It was announced on Monday that the government of India has signed a Double Taxation Avoidance Agreement (DTAA) with the Luxembourg government, covering the avoidance of double taxation and the prevention of fiscal evasion with respect to taxes on income and on capital.

This Agreement will enter into force on a date to be notified in due course, and also aims at promoting economic cooperation between the two countries.

It was signed by R.S. Mathoda, Chairman of the Central Board of Direct Taxes on behalf of the Government of India, and Ambassador Marc Courte on behalf of the Government of Grand Duchy of Luxembourg.

The DTAA between India and Luxembourg will in the case of India, cover income-tax and wealth tax including any surcharge thereon. In the case of Luxembourg, it will cover income tax on individuals, corporation tax, capital tax, and the communal trade tax.

The DTAA also addresses the tax treatment of dividend, interest, royalties and fees for technical services-both in the country of residence as well as the country of source.

However, the rate of tax in the country of source shall not exceed 10% of the gross amount of payment where the beneficial owner of the payments is a resident of the other contracting state.

In a statement, the Indian Finance Ministry further revealed that:

"The DTAA provides that capital gains from alienation of shares of a company shall be taxable in the country where the company is a resident. The incidence of double taxation shall be avoided by one country giving credit for taxes paid by its residents in the other country."

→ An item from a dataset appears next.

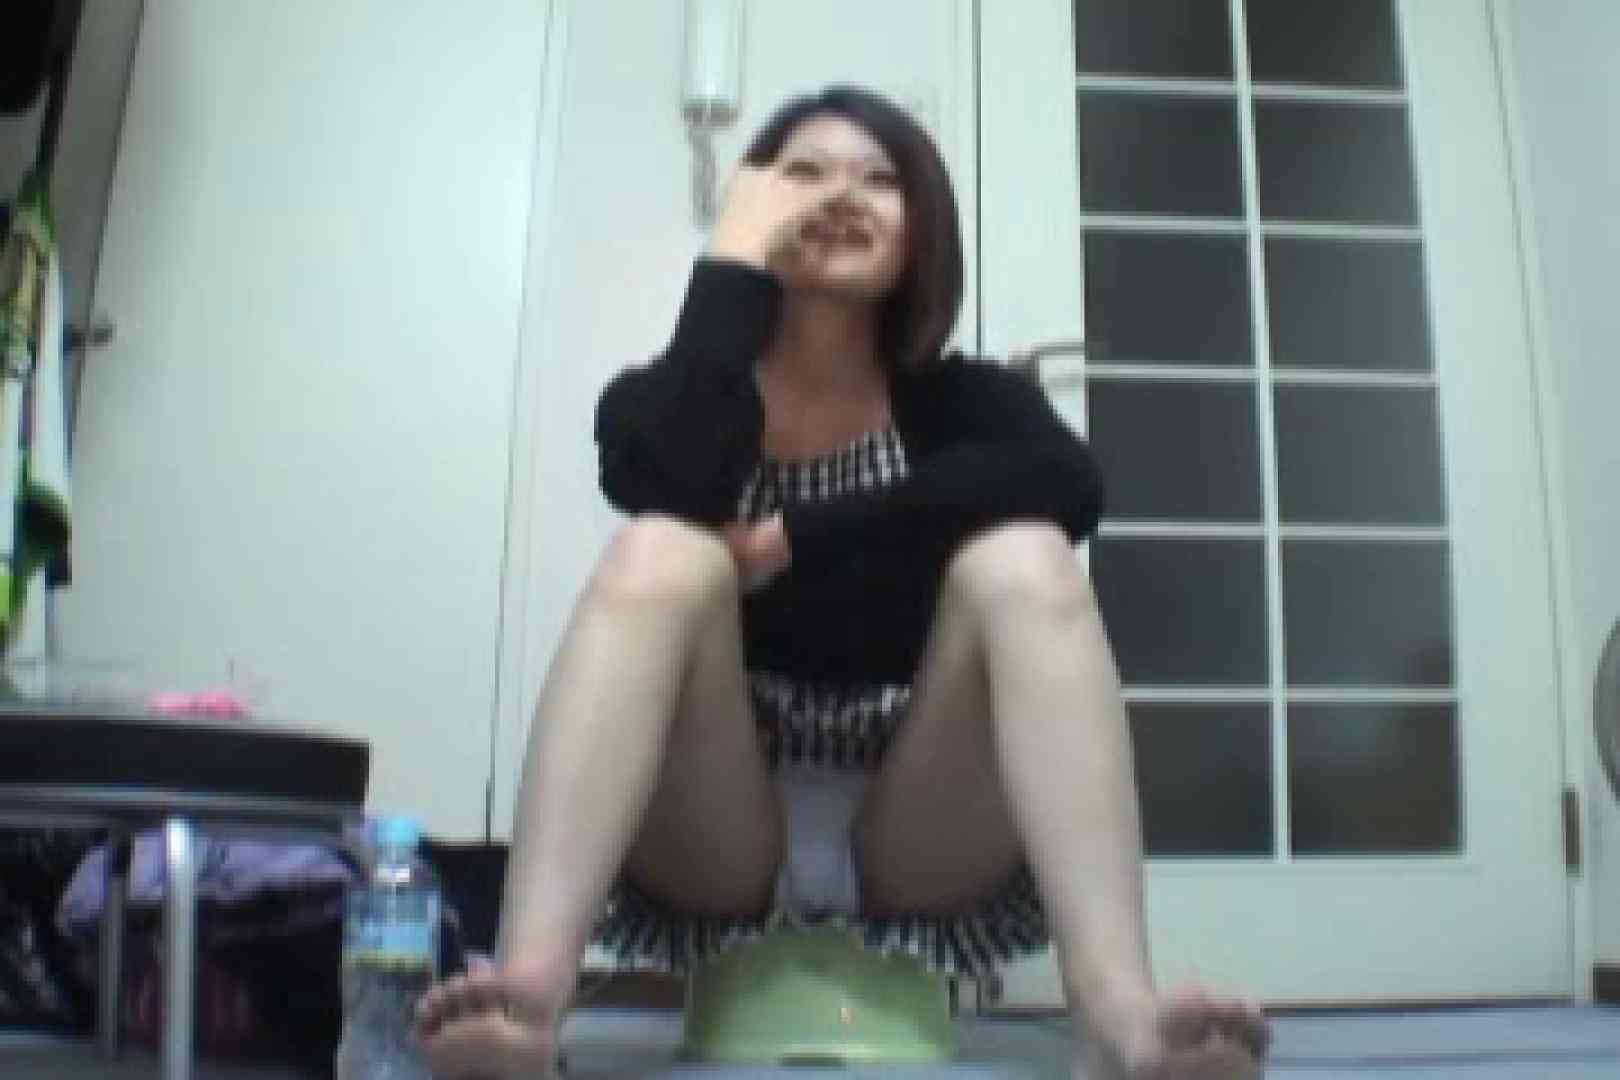 パンツ売りの女の子 りなちゃんvol.2 OLのエッチ のぞき動画キャプチャ 80pic 42

"There is a provision for exchange of information in cases, which are under investigation in either of the two countries. Both the countries shall assist each other in collection of revenue claims. There is also a provision for limitation of benefits under the DTAA to prevent misuse of the provisions of the DTAA."

It concluded:

"The Agreement will further stimulate the flow of capital, technology and personnel between the two countries. It will also contribute to the tax stability and facilitate mutual cooperation."